On August 9, the United Nations report about climate change made it clear that humanity is on the path of disaster, and that the planet cannot and will not divert its position.

“The planet won’t divert its position.” Photo by Daniel Gregoire on Unsplash

The IPCC report should be targeting business, not just policy makers

On that date, the Intergovernmental Panel on Climate Change (IPCC), the UN agency responsible for assessing climate change, issued a dire message to policy makers.
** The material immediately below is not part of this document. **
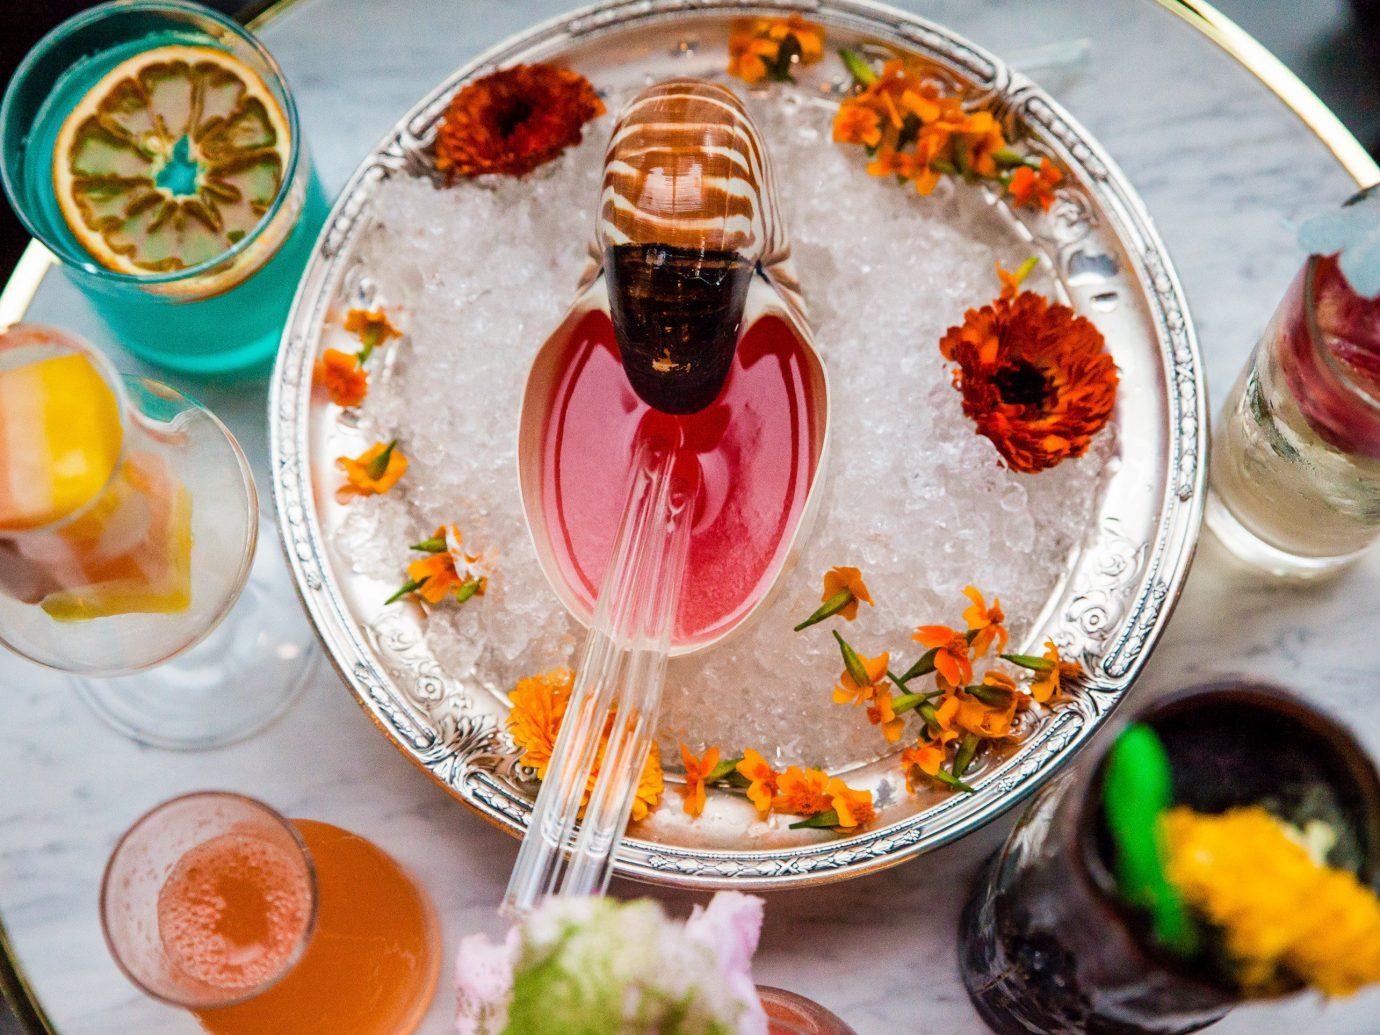 Arts + Culture Food + Drink Hotels Weekend Getaways food plate table dish meal brunch dessert cuisine breakfast several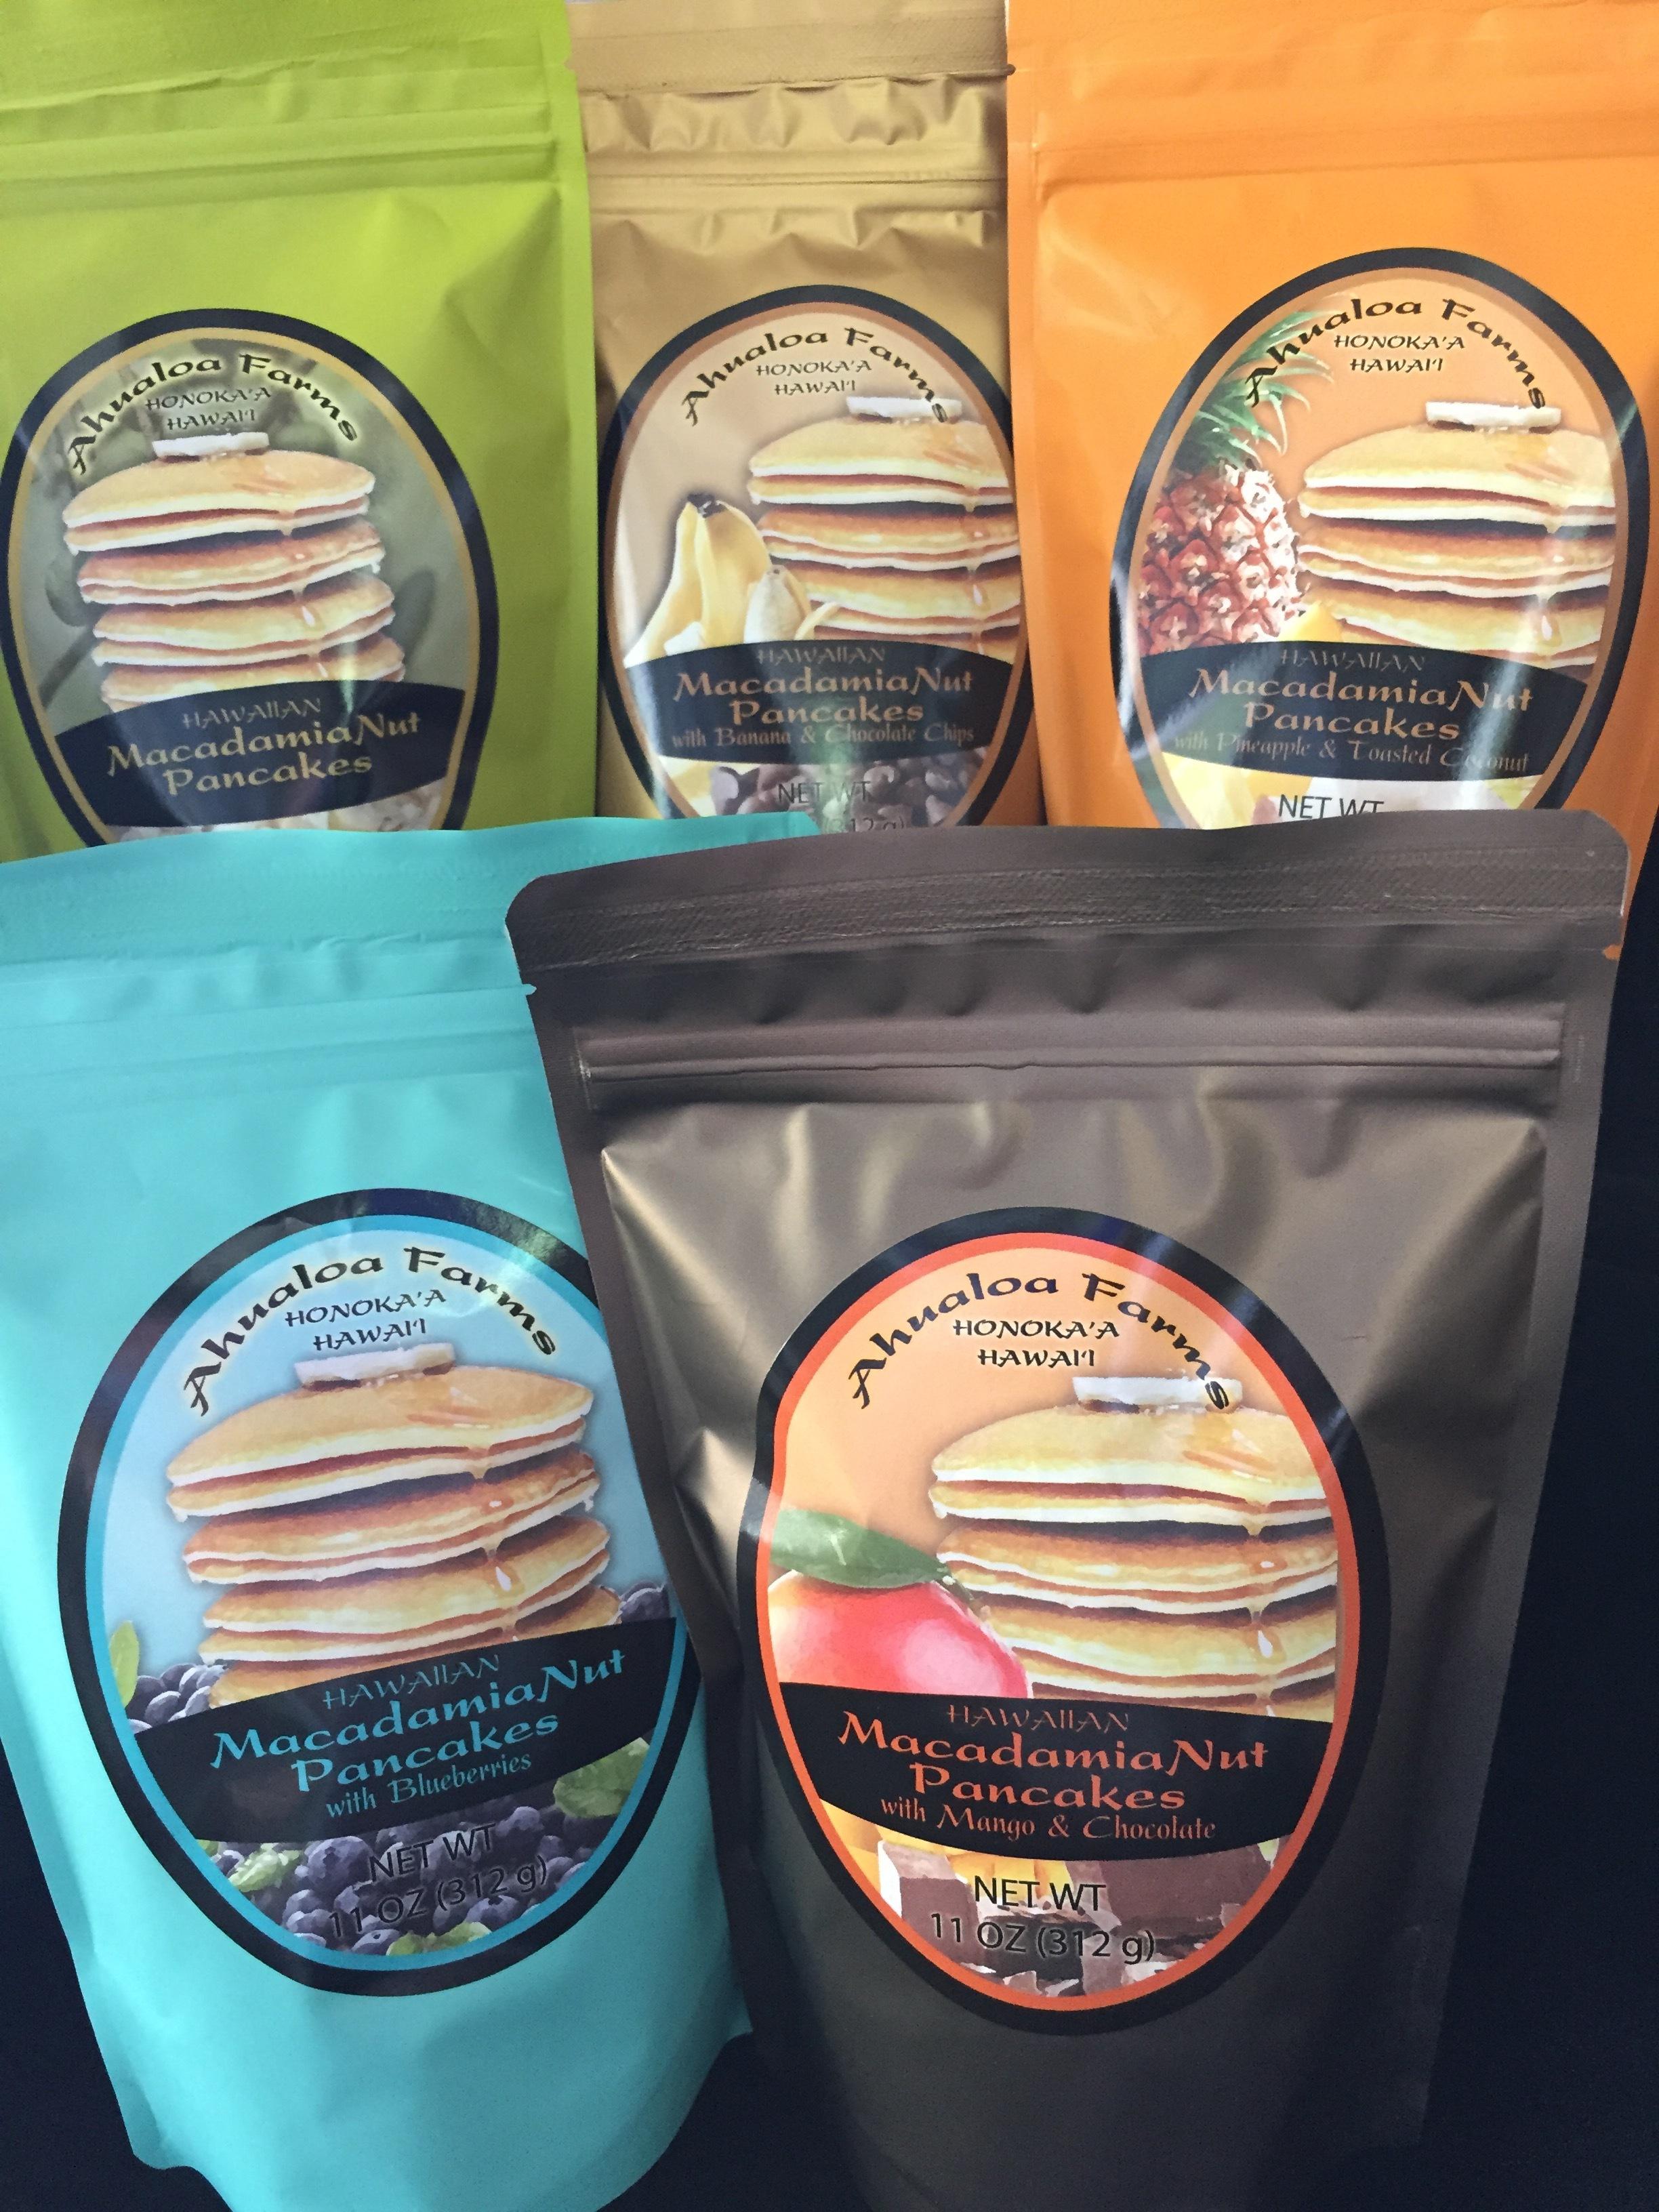 Hawaiian Macadamia Nut Pancake Mixes 00126

It sounded the “code red for humanity,” predicting, with high confidence, that global warming will exceed the 1.5°C (2.7°F) Paris targets, maybe even as early as 2030.

What’s odd is that the IPCC targets policy makers-even though business has played a major role in creating the climate crisis and is best positioned to fix it.

Too few commentators are talking about what the IPCC report means for business. Let’s fix that.

How the IPCC report is relevant to business

The key message in the IPCC report is that the world has warmed by approximately 1°C (1.96°F) since the end of the 1800s, and that increase will likely exceed 1.5° in the next 10–20 years.

For many, 1.5°C is a small number-and not an alarming one, especially if they don’t enjoy winters. After all, a rise of 1 degree over a span of more than 100 years isn’t much. And a mere half a degree warmer than where we are now doesn’t seem like a big deal.

But it is. That’s not because of the average rise in temperature, but because of the changes triggered at the ends of the temperature range. These extreme ends will not be just fractions of a percentage higher than they were: they are likely to shatter records and set off a cascade of events that take us past ecological tipping points.

You know that tipping point phenomenon in rush hour, when just a few more cars stop the whole flow of traffic. Or the feeling when your boss asks you to do just one more thing at a point where you have no more bandwidth.

Everywhere, there will be more extreme hot, dry, or wet weather-and sometimes all three in consecutive order-as we reach those thresholds.

The hottest temperature ever recorded in Canada was 49.6°C (121.3°F), on June 29, 2021, in Lytton, B.C. That beat the previous record of 45°C (113.0°F), set in 1937, by 4.6°C (8.3°F )-far more than the 1°C higher average temperature. What’s more, just days later the town was ravaged by a wildfire that burned 90% of it to the ground.

Just in case you think that the records are only being set in Canada, this year is also marked by the hottest verifiable temperature on Earth in Death Valley in California at 54.4°C (129.9°F), and the hottest European record at 48.8°C (119.8°F).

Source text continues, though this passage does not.